EU leaders were however quick to turn the attention to the EU's future challenges. "The Treaty of Lisbon will reinforce the Union's capacity to act and the ability to achieve our goals in an effective way. As such, it will help the Union to deliver better results to European citizens," Commission President José Manuel Barroso said at the official ceremony.

According to Sebastian Kurpas, research fellow at the Centre for European Policy Studies (CEPS), the Lisbon Treaty is indeed "likely to make the EU more democratic" through an increased use of legislative procedures that give the European Parliament a greater say, but also the strengthening of national parliaments' role. Kurpas says that it could in principle also make the EU more efficient by streamlining its decision-making.
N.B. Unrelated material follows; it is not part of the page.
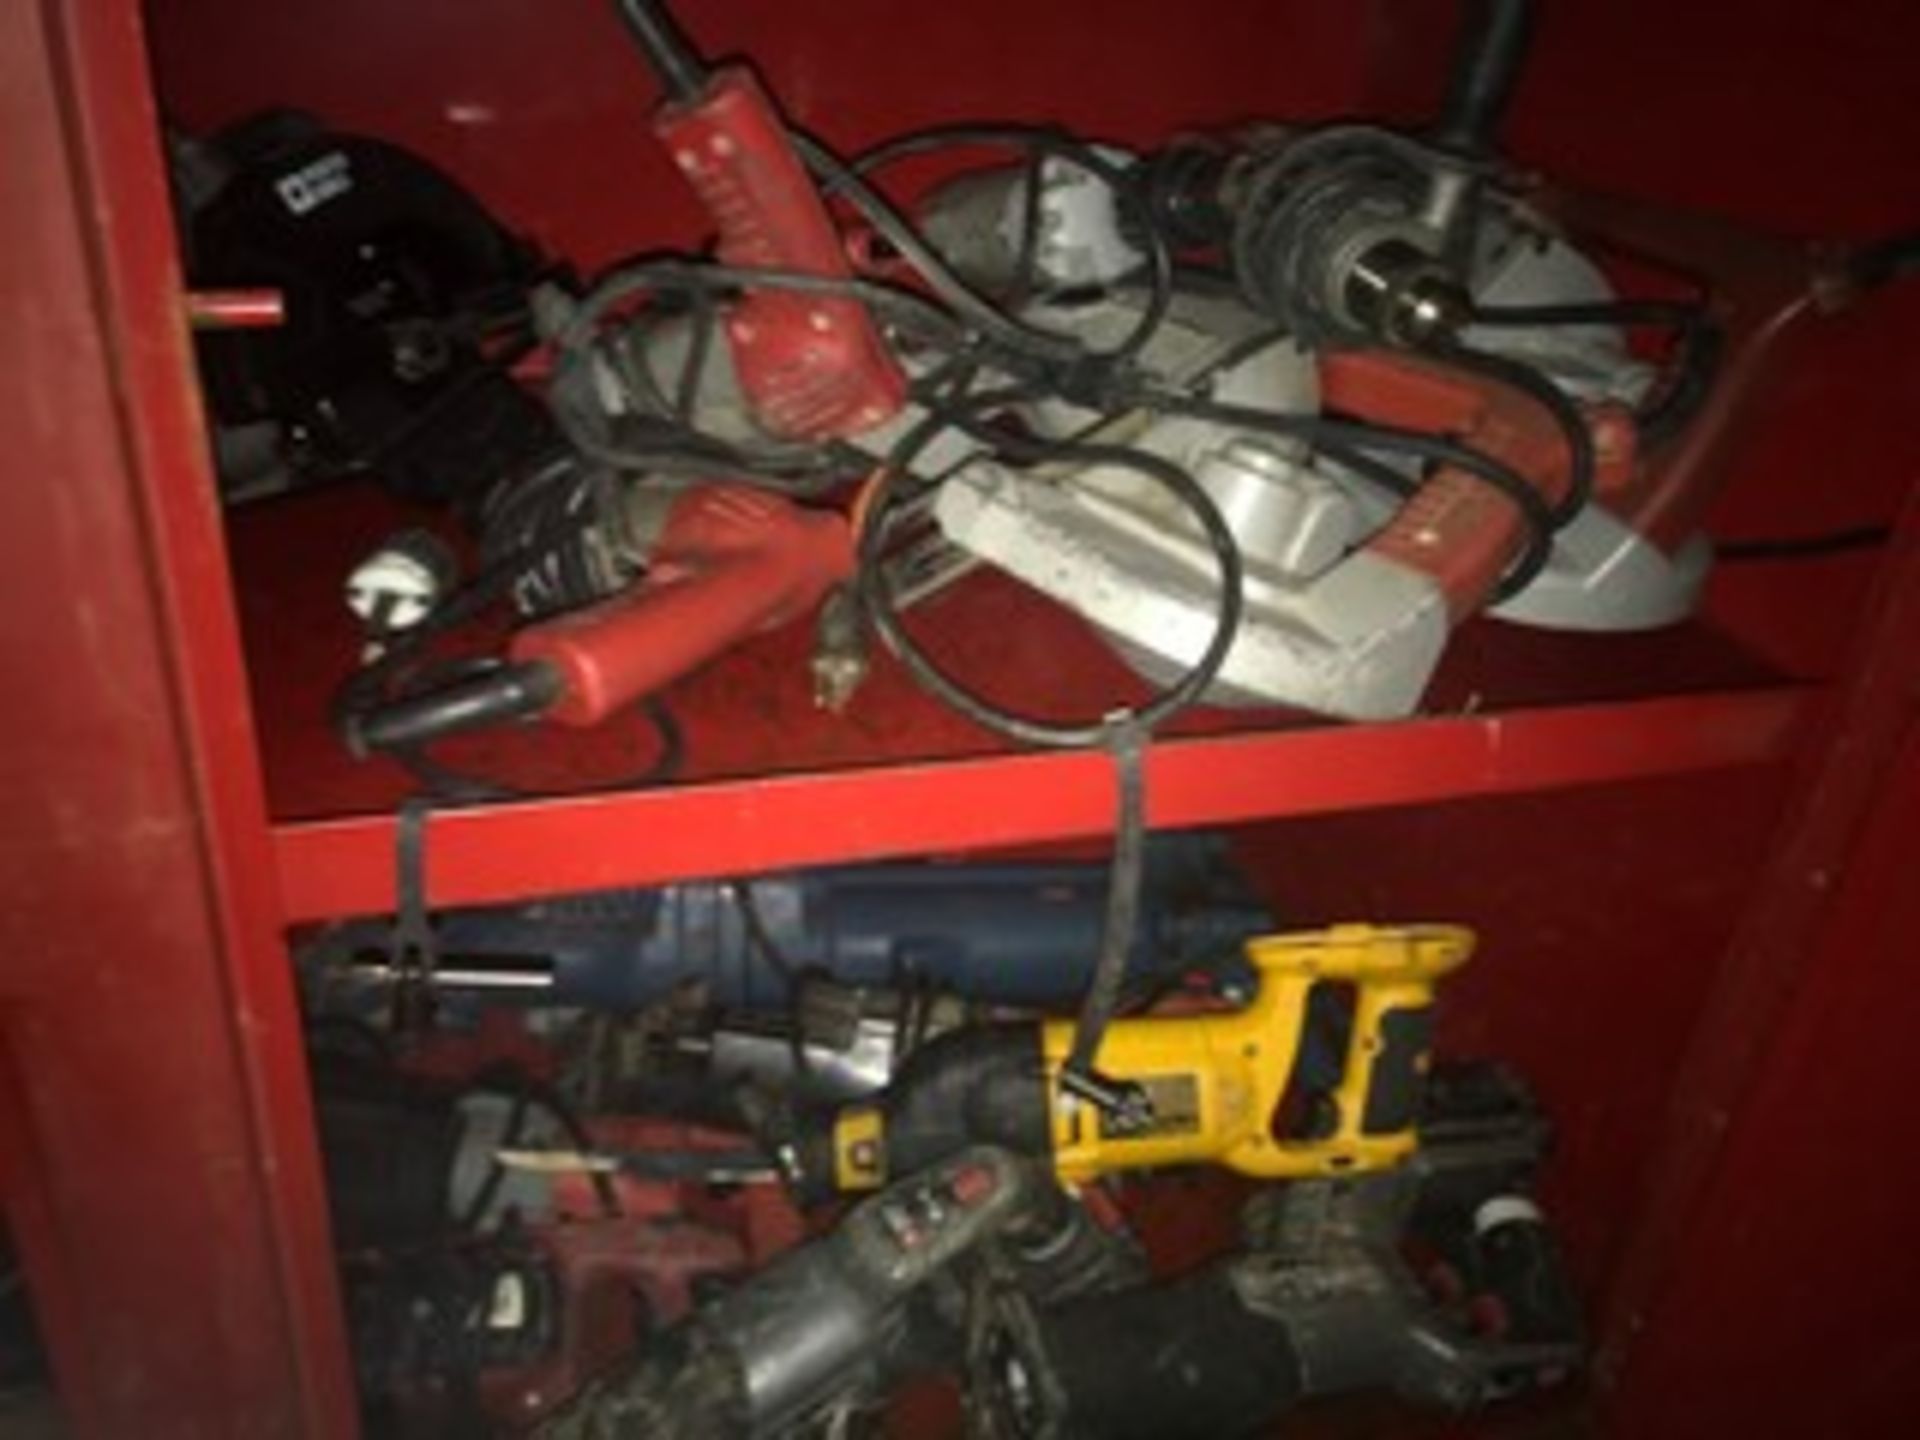 2-DOOR GB JOB BOX WITH CONTENTS -RATCHETING KNOCKOUT SETS, HILTI & RAMSET POWDER FASTENING GUNS - Image 5 of 6

But the analyst warns that it "will not make the EU more transparent". A number of opt-outs, protocols, declarations and provisions for "flexible integration" make the text largely unreadable for the average citizen, Kurpas says.

Other challenges remain. In order to come into force by the target date of 1 January 2009, the document now needs to be swiftly ratified by member states. So far, Ireland is the only country that is bound by its constitution to hold a referendum, while the other countries are set to ratify the Treaty through their national parliaments.

According to Kurpas, the "stripping of all symbolic elements" from the Treaty will make ratification easier by avoiding the sensitive issue of referenda, but is "likely to entail a price for future integration".